### WORK TO COMPLETE
Your answer must be the exact lines below, starting with the line with "Shiba Inu Physical Gold Plated Coin (Metal)" and going on through the line with "The Bowmore 1/4", both included, with no pictures.

[DATA FOR THE TASK — start]

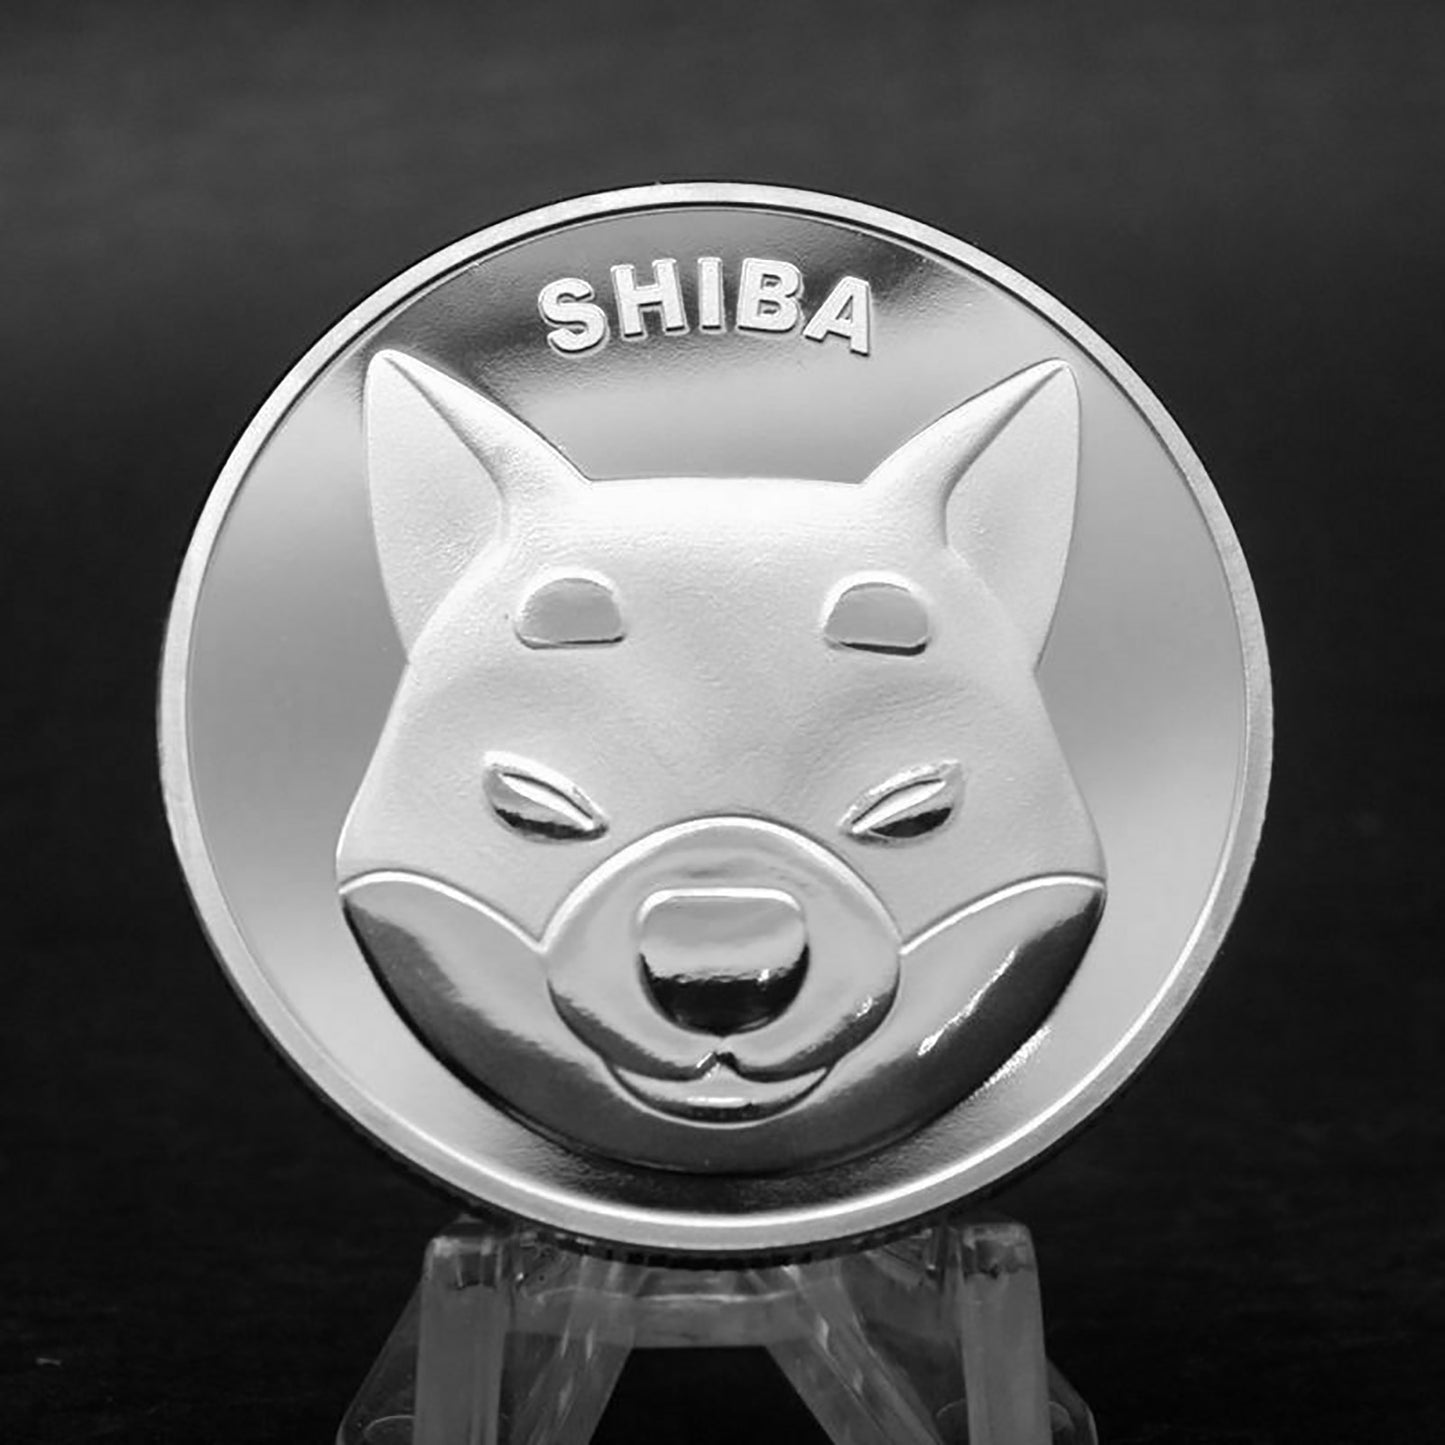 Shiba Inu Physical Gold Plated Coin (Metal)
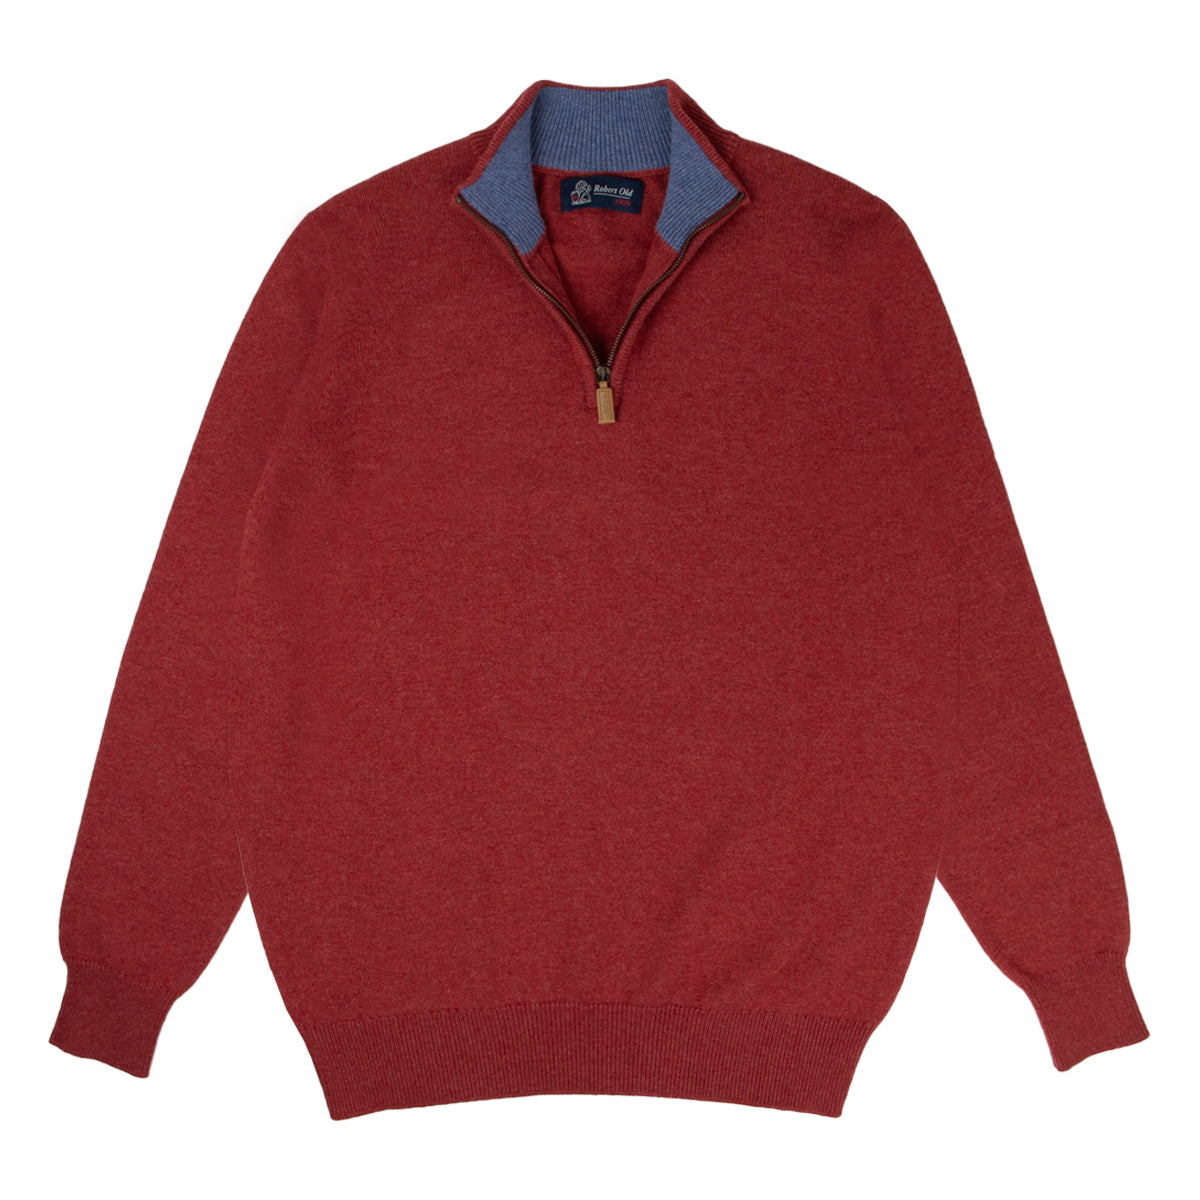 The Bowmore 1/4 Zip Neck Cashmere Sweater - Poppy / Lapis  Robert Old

[DATA FOR THE TASK — finish]
[DATA FOR THE TASK — start]

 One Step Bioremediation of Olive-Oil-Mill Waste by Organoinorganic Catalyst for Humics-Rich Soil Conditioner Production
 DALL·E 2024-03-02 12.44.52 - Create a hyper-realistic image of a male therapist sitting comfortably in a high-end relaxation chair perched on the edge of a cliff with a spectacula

[DATA FOR THE TASK — finish]

### SOLUTION TO THE EXERCISE
 Shiba Inu Physical Gold Plated Coin (Metal)
 The Bowmore 1/4 Zip Neck Cashmere Sweater - Poppy / Lapis  Robert Old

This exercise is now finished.